> [Data]:

**********

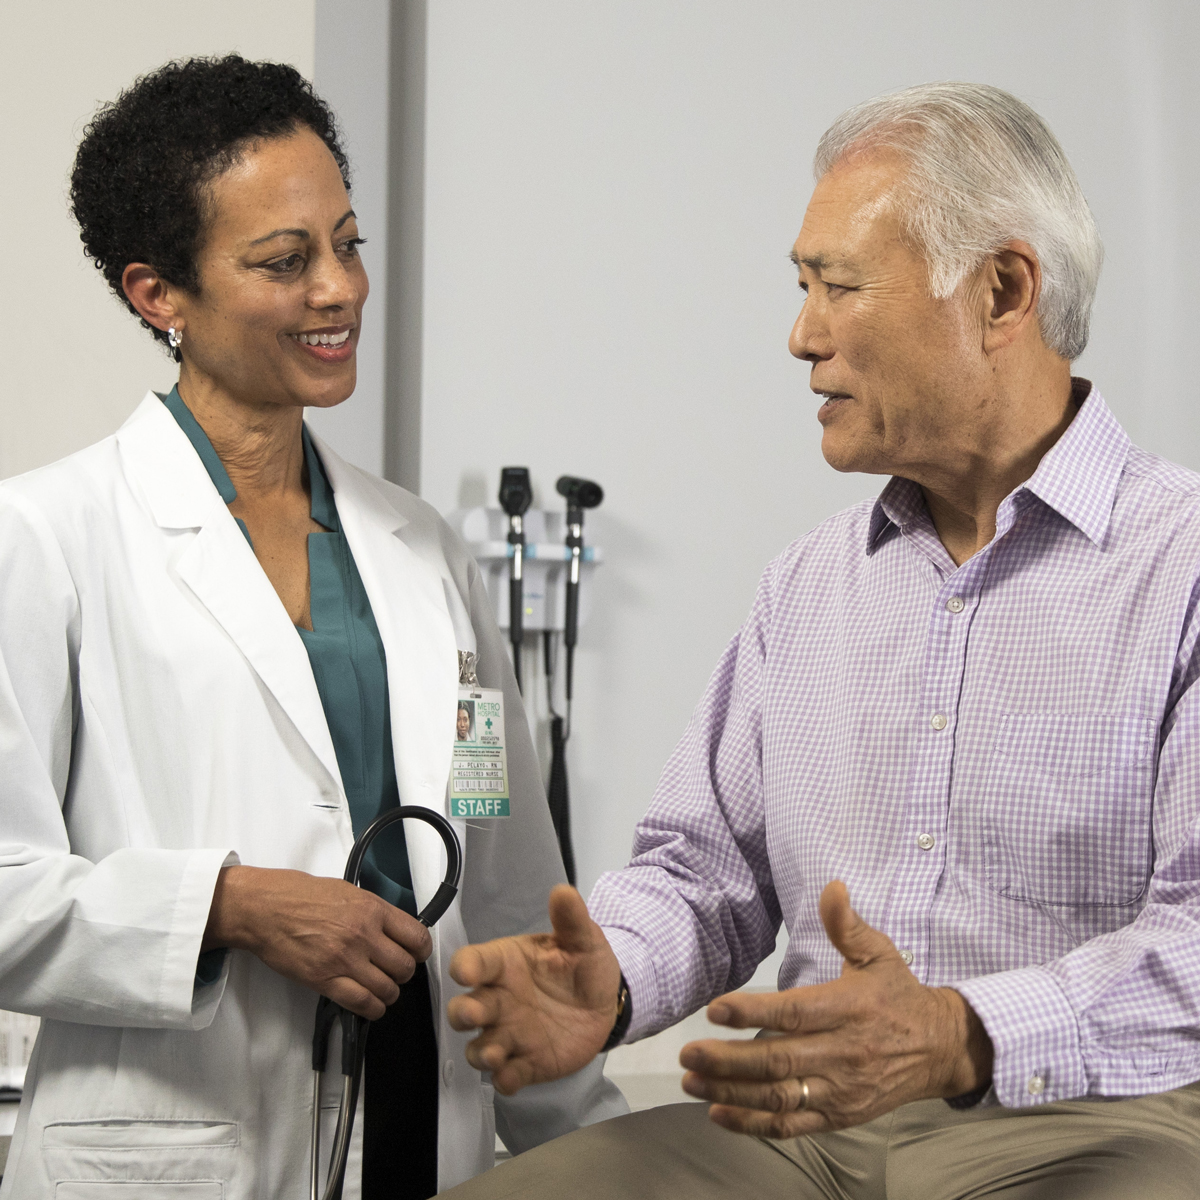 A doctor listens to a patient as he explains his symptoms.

**********

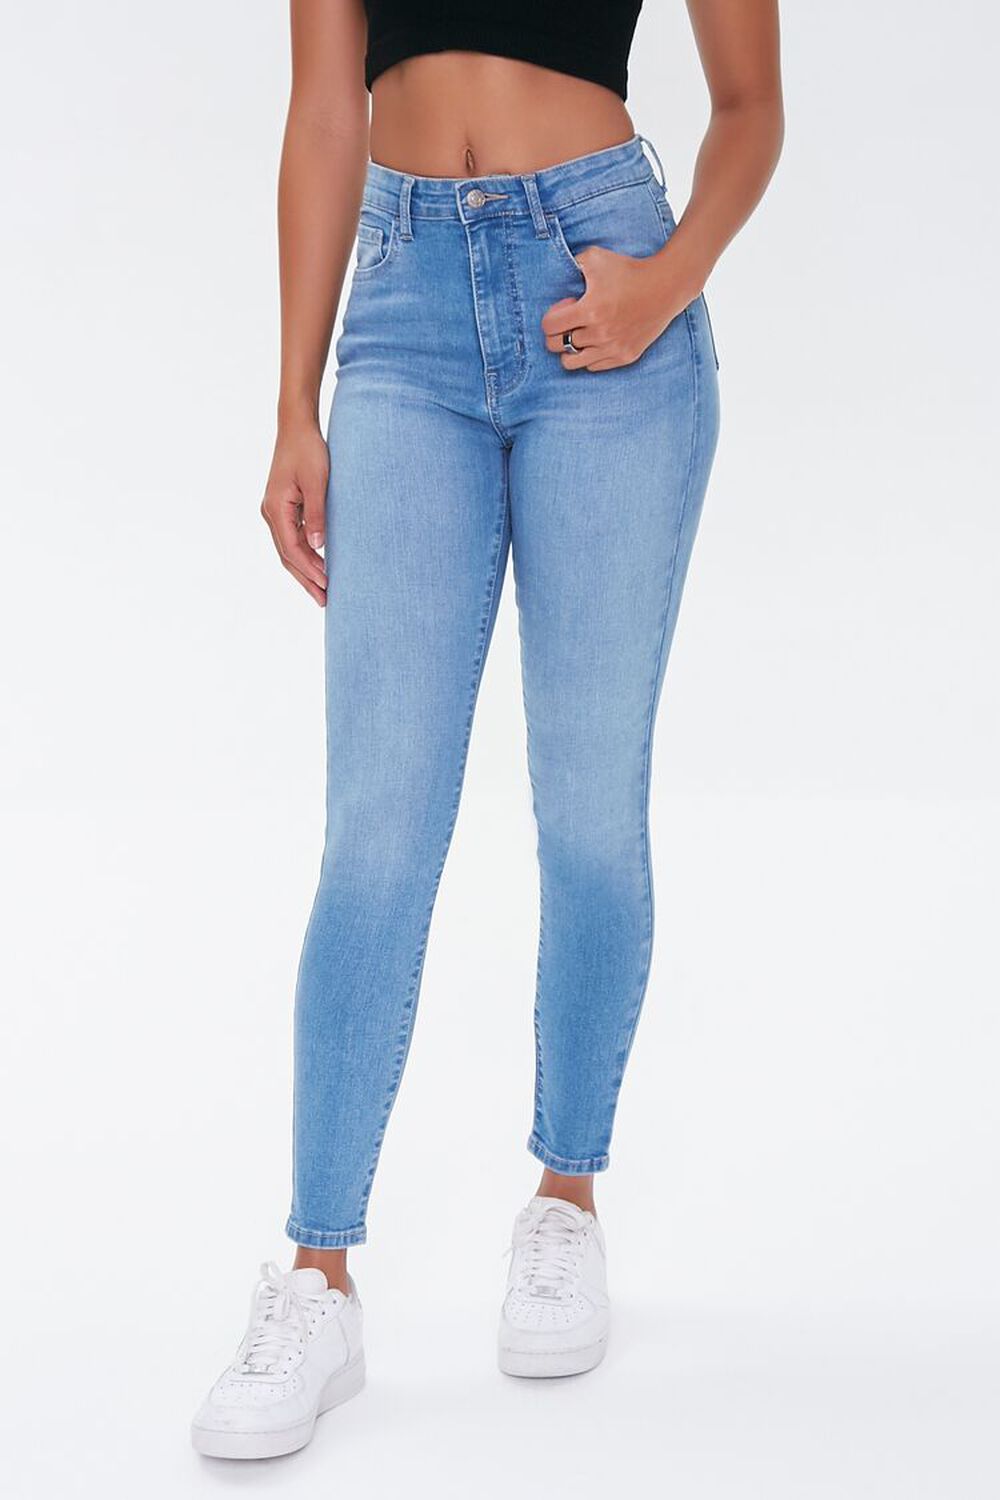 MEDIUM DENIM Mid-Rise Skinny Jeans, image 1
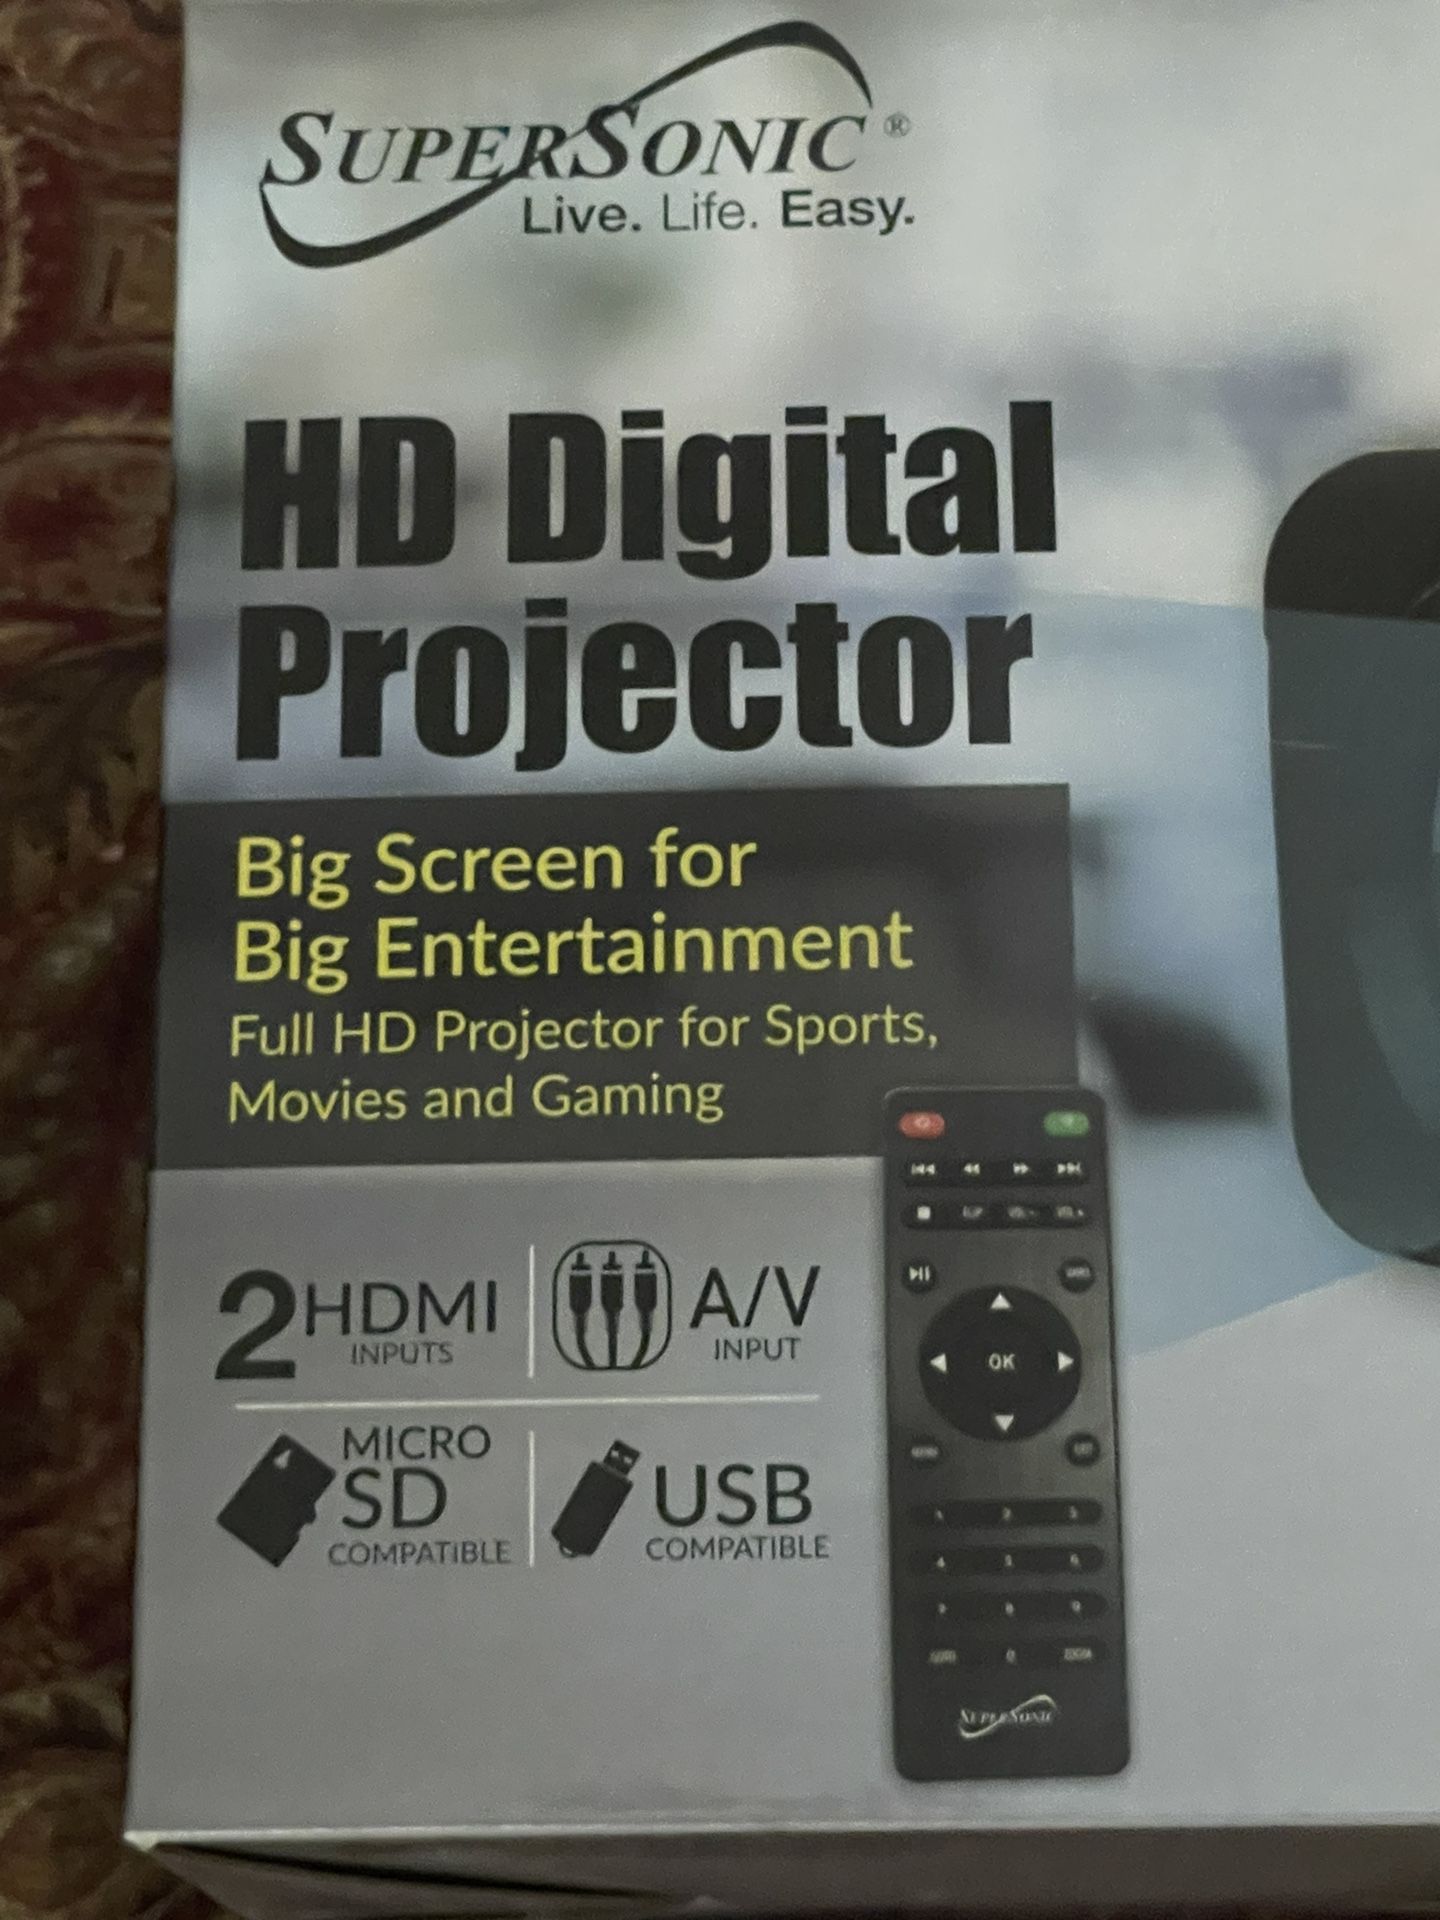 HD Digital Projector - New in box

**********

> [Instructions for the task]:
From the data above, return exactly the lines from the one with "MEDIUM DENIM Mid-Rise Skinny Jeans, image 1" up to and including the one with "HD Digital Projector - New in box". Pictures do not go in the copy.

> [Problem solution]:
 MEDIUM DENIM Mid-Rise Skinny Jeans, image 1
 HD Digital Projector - New in box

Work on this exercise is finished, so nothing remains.